1.a)       List the possible pairs, and compute a probability for each. Work out at least four pairs in full detail.

 

(1^st d3 – fair d3, 2^nd d3)

 

Pr{(0,1)}=Pr{0 shows fm 1^st }*Pr{ 1 shows fm 2^nd } = (1/3)*(2/10) = 2/30

Pr{(0,3)}=Pr{0 shows fm 1^st }*Pr{ 3 shows fm 2^nd } = (1/3)*(3/10) = 3/30

Pr{(0,5)}=Pr{0 shows fm 1^st }*Pr{ 5 shows fm 2^nd } = (1/3)*(5/10) = 5/30

 

Pr{(2,1)}=Pr{2 shows fm 1^st }*Pr{ 1 shows fm 2^nd } = (1/3)*(2/10) = 2/30

Pr{(2,3)}=Pr{2 shows fm 1^st }*Pr{ 3 shows fm 2^nd } = (1/3)*(3/10) = 3/30

Pr{(2,5)}=Pr{2 shows fm 1^st }*Pr{ 5 shows fm 2^nd } = (1/3)*(5/10) = 5/30

 

Pr{(4,1)}=Pr{4 shows fm 1^st }*Pr{ 1 shows fm 2^nd } = (1/3)*(2/10) = 2/30

Pr{(4,3)}=Pr{4 shows fm 1^st }*Pr{ 3 shows fm 2^nd } = (1/3)*(3/10) = 3/30

Pr{(4,5)}=Pr{4 shows fm 1^st }*Pr{ 5 shows fm 2^nd } = (1/3)*(5/10) = 5/30

 

 

1.b)      Define the random variable LowTie as either the lower of the two faces when unequal, or the common face value when equal. List the possible values for the variable LowTie, and compute a probability for each.

 

Pr{LT=0} = Pr{(0,1)} + Pr{(0,3)}+ Pr{(0,5)}= (2/30)+(3/30)+(5/30)=10/30

Pr{LT=1} = Pr{(2,1)} + Pr{(4,1)} = (2/30)+(2/30) = 4/30

Pr{LT=2} = Pr{(2,3)} + Pr{(2,5)}=(3/30)+(5/30)=8/30

Pr{LT=3} = Pr{(4,3)} = 3/30

Pr{LT=4} = Pr{(4,5)} = 5/30

 

 

 

1.c)       Define the random variable Sum as the sum of the two faces. List the possible values for the variable Sum, and compute a probability for each.

 

Pr{SUM=1} = Pr{(0,1)}= 2/30

Pr{SUM=2} = 0/30

Pr{SUM=3} = Pr{(0,3)}+ Pr{(2,1)} = (3/30)+ (2/30)=5/30

Pr{SUM=4} = 0/30

Pr{SUM=5} = Pr{(0,5)}+ Pr{(2,3)}+Pr{(4,1) = (5/30)+ (3/30)+(2/30)=10/30

Pr{SUM=6} = 0/30

Pr{SUM=7} = Pr{(2,5)} + Pr{(4,3) = (5/30)+ (3/30)=8/30

Pr{SUM=8} = 0

Pr{SUM=9} = Pr{(4,5)} = 5/30

 

Case Two

Conditional Probability

We have a bowl, as indicated below:

 

Suppose that on each trial of this experiment that we make three (3) draws without replacement from the bowl. Work these directly, without using the usual formula for Pr{A|B}. Show all work and detail for full credit.

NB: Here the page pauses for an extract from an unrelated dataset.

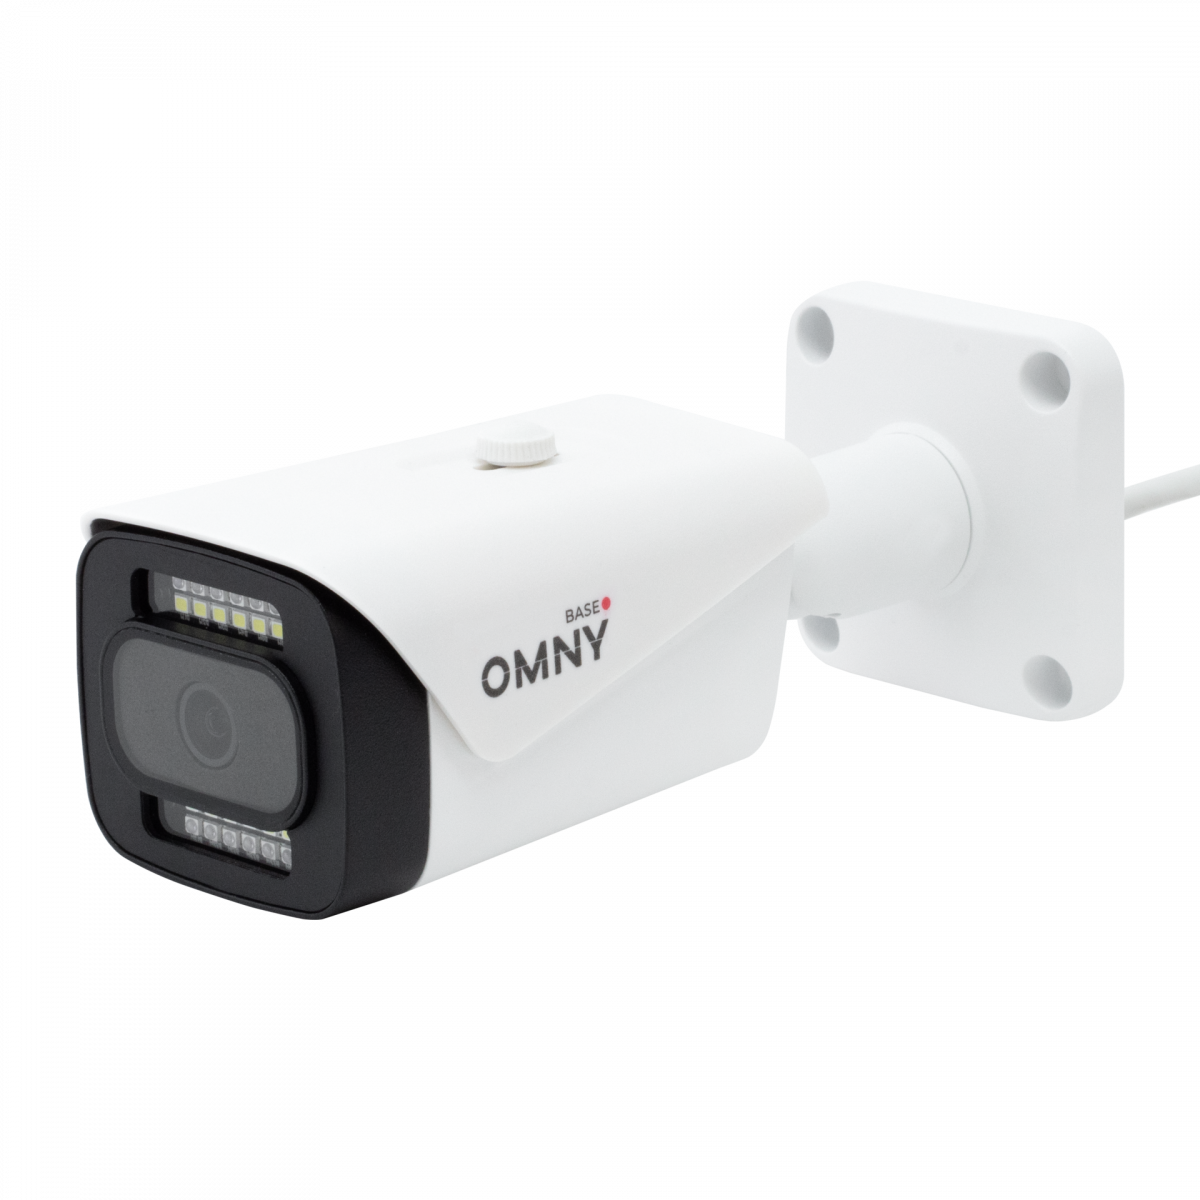 Камера сетевая буллет 5Мп OMNY BASE miniBullet5E-WDS-SDL-C 28 с двойной подсветкой и микрофоном

2.a)       Compute Pr{ green shows 3^rd | red shows 1^st and green shows 2^nd };

Pr{ green shows 3^rd | red shows 1^st and green shows 2^nd } = (5-1)/(16-1-1) = 4/14

2.b)      Compute Pr{ red shows 3^rd | red shows 1^st and red shows 2^nd };

Pr{ red shows 3^rd | red shows 1^st and red shows 2^nd } = (3-1-1)/(16-1-1) = 1/14

2.c)       Compute Pr{ blue or yellow shows 2^nd | yellow shows 1^st }.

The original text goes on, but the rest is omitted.